Fintech companies: Now they are not direct competitors to banks but rather a tech partner in the field of electronic payments and payment initiation services.
Genome and PSD2 compliance
Genome is an Electronic Money Institution (EMI) licensed and supervised by the Bank of Lithuania, with operations aligned with PSD2.
Here are our ways to ensure compliance:
Genome is PSD2-aligned and secure. We operate legally across the European Economic Area and follow strict risk, safeguarding, governance, and reporting requirements with regular supervisory reviews and audits.
Secure payment processing with Strong Customer Authentication (SCA). Where required, customers authenticate using two or more independent factors from: knowledge (e.g., password/PIN), possession (e.g., phone/app/OTP), and inherence (e.g., fingerprint/face).
Business accounts & transfers. Clients receive dedicated EUR IBANs for SEPA payments and multi-currency accounts (EUR, USD, GBP, PLN, CHF, JPY, CAD, CZK, HUF, SEK, AUD, DKK). SEPA Instant and Credit transfers are euro-only. We use two-factor authentication and support Open Banking integrations.
Advanced fraud prevention and risk controls. Continuous monitoring, rules, and analytics help protect accounts and payments.
Transparent pricing and consumer rights. Our terms and processes align with PSD2 standards for clear fees, disputes, and protections.
Infrastructure built for safety and interoperability. We support secure electronic payments, open-banking connections where applicable, and strong data protection for all clients.
Initiating payments for consumers, companies, and other businesses is now simpler, faster, and more secure.
Open an account
in Genome online
The future of PSD2 and digital finance
As digital finance evolves, PSD2 continues to shape Europe’s financial ecosystem.
The European Commission and European Banking Authority are preparing updates under PSD3, which will further refine security measures and open data-sharing frameworks.
PSD2 accomplished its primary goals: payments modernization and consumer protection. The goal of PSD3 is to build on this foundation by strengthening fraud prevention, enhancing consumer protection, and resolving inconsistencies.
Trends to watch:
Expansion of Open Banking across Europe. Soon, most bank accounts will be a part of Open Banking.
Greater collaboration between banks, fintechs, and payment providers in the form of merging payment services + e-money frameworks.

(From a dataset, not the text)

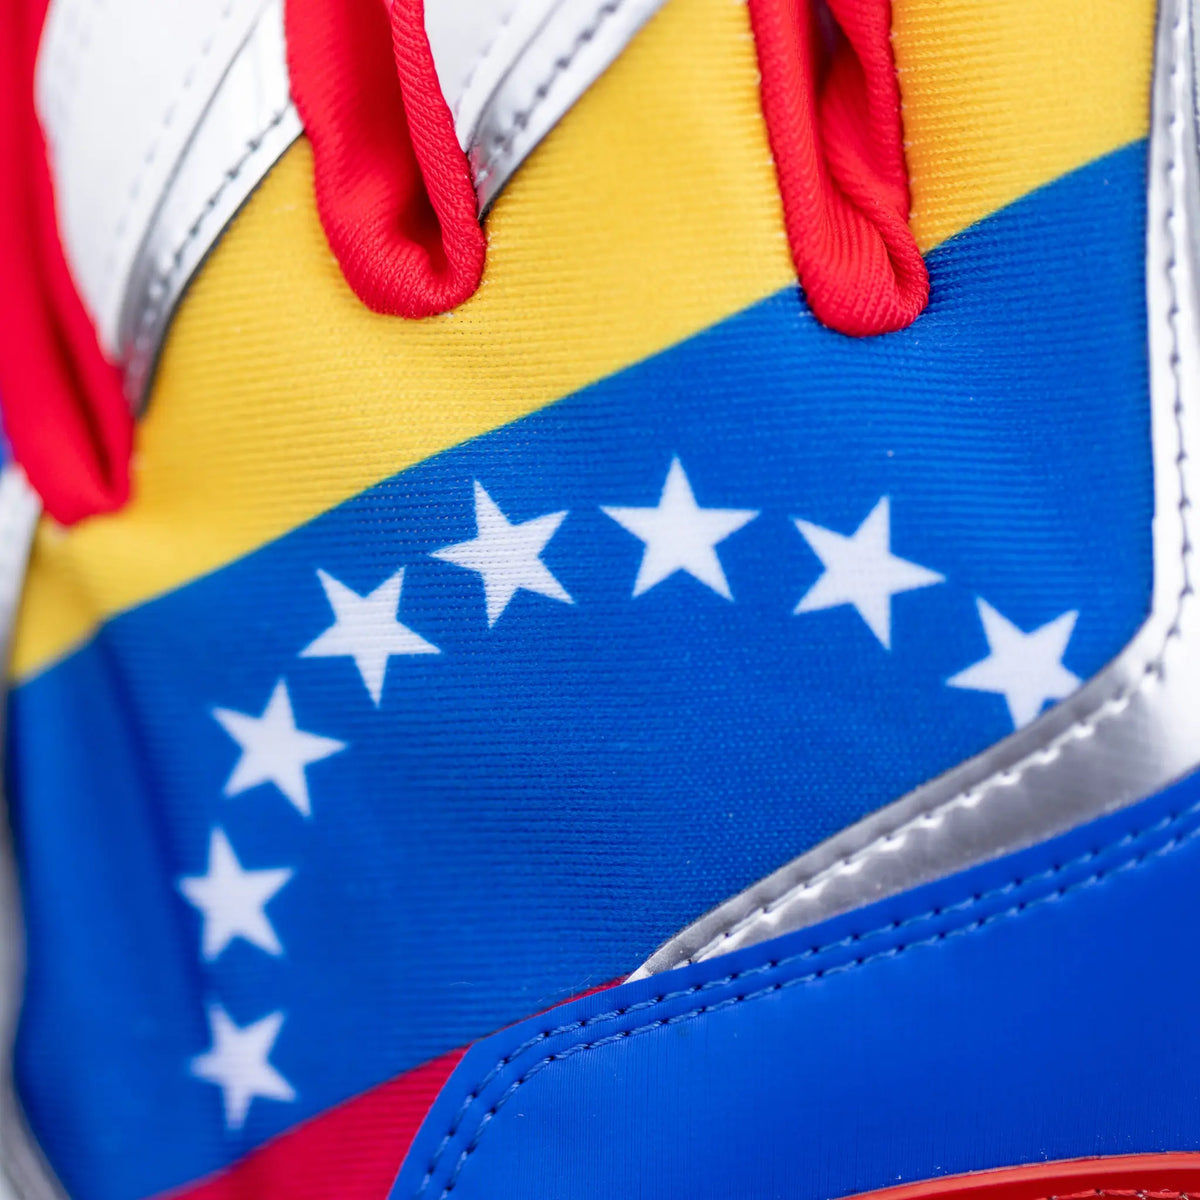 Detail of Tater Baseball batting gloves showing a close-up of the vibrant Venezuelan flag design with a starry blue band and contrasting yellow and red, symbolizing national pride on high-performance gear.

Because PSD2 modernizes how payments flow between banks and consumers, more seamless, consumer-centric digital payment services would arise.
Consumers and their demand: the payment industry is client-centric, so any feature that really catches people’s attention (like crypto or AI) would trigger significant changes.
Genome will definitely be at the forefront of this transformation—helping businesses and customers embrace the benefits of PSD2 while staying ready to implement new regulations in advance.